A Comparison of Vulnerability Feature Extraction Methods from Textual Attack Patterns
Refat Othman, Bruno Rossi, Russo Barbara
TL;DR
The paper addresses extracting vulnerability information from unstructured attack-pattern reports to link to CVEs. It compares five feature-extraction methods—TF-IDF, LSI, BERT, MiniLM, and RoBERTa—across multiple classifiers using a novel VULDAP dataset that maps MITRE CAPEC/CWE to CVEs. TF-IDF yields the best overall performance, guiding method selection for text-to-CVE extraction in threat intelligence pipelines. The work provides a dataset, an evaluation framework, and actionable insights to advance automated vulnerability extraction in cyber threat intelligence.
Abstract
Nowadays, threat reports from cybersecurity vendors incorporate detailed descriptions of attacks within unstructured text. Knowing vulnerabilities that are related to these reports helps cybersecurity researchers and practitioners understand and adjust to evolving attacks and develop mitigation plans. This paper aims to aid cybersecurity researchers and practitioners in choosing attack extraction methods to enhance the monitoring and sharing of threat intelligence.

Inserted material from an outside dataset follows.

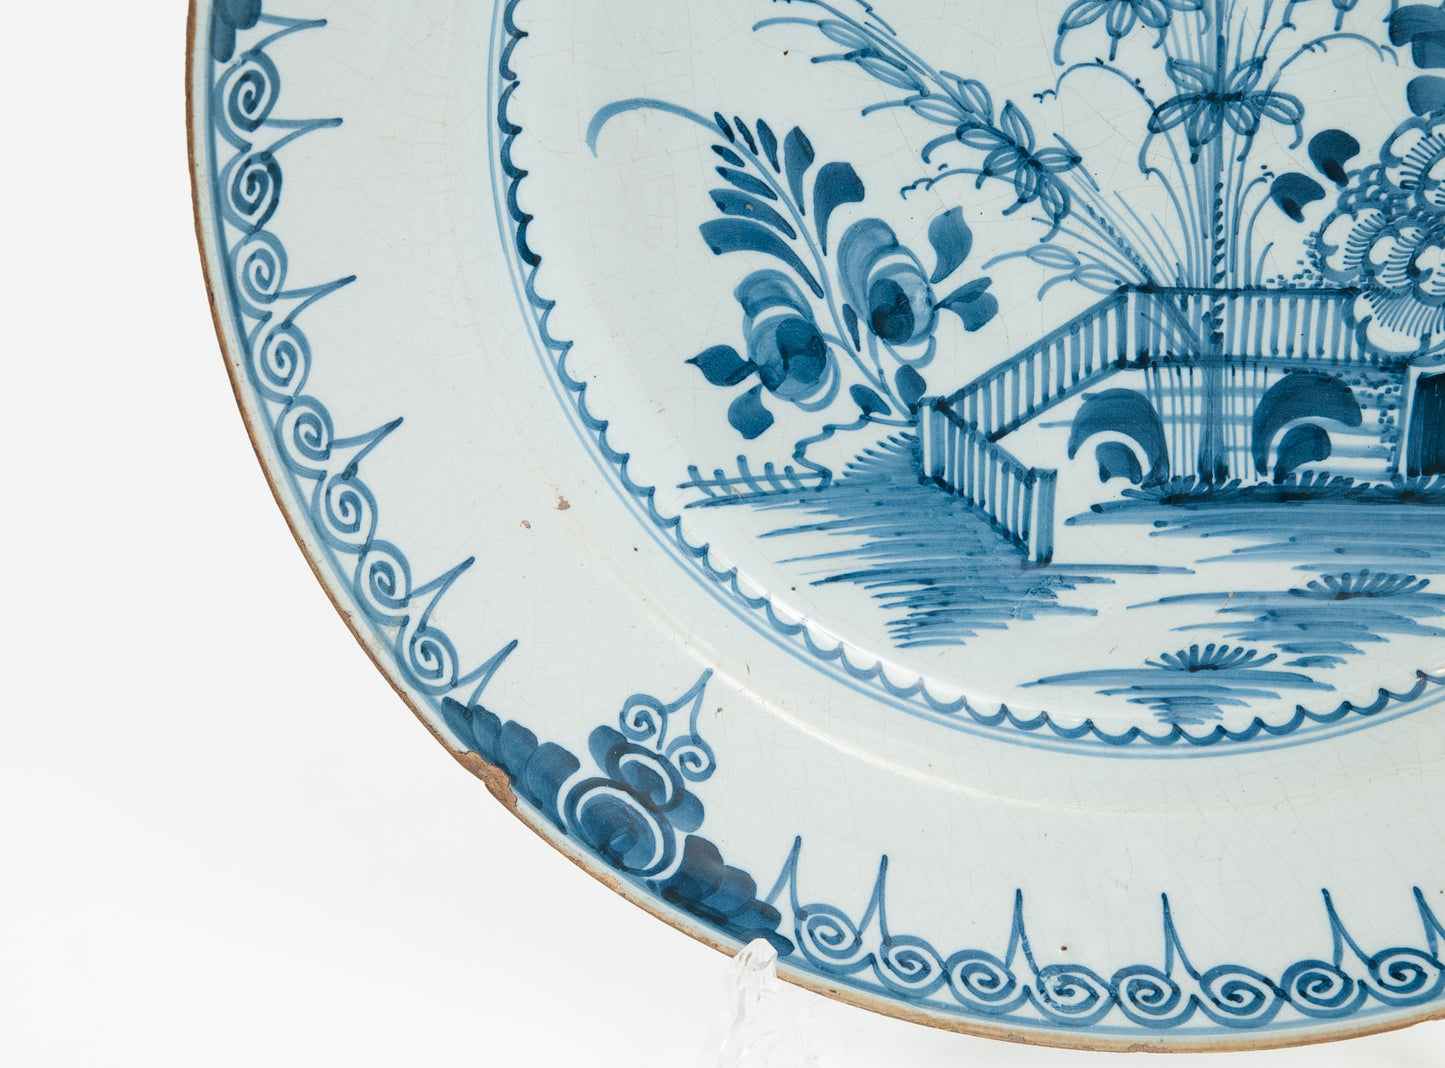 Mid 18th Century London Lambeth English Delft Ware Chinoiserie Charger c1760 (Code 1892)

In this work, we examine five feature extraction methods (TF-IDF, LSI, BERT, MiniLM, RoBERTa) and find that Term Frequency-Inverse Document Frequency (TF-IDF) outperforms the other four methods with a precision of 75\% and an F1 score of 64\%. The findings offer valuable insights to the cybersecurity community, and our research can aid cybersecurity researchers in evaluating and comparing the effectiveness of upcoming extraction methods.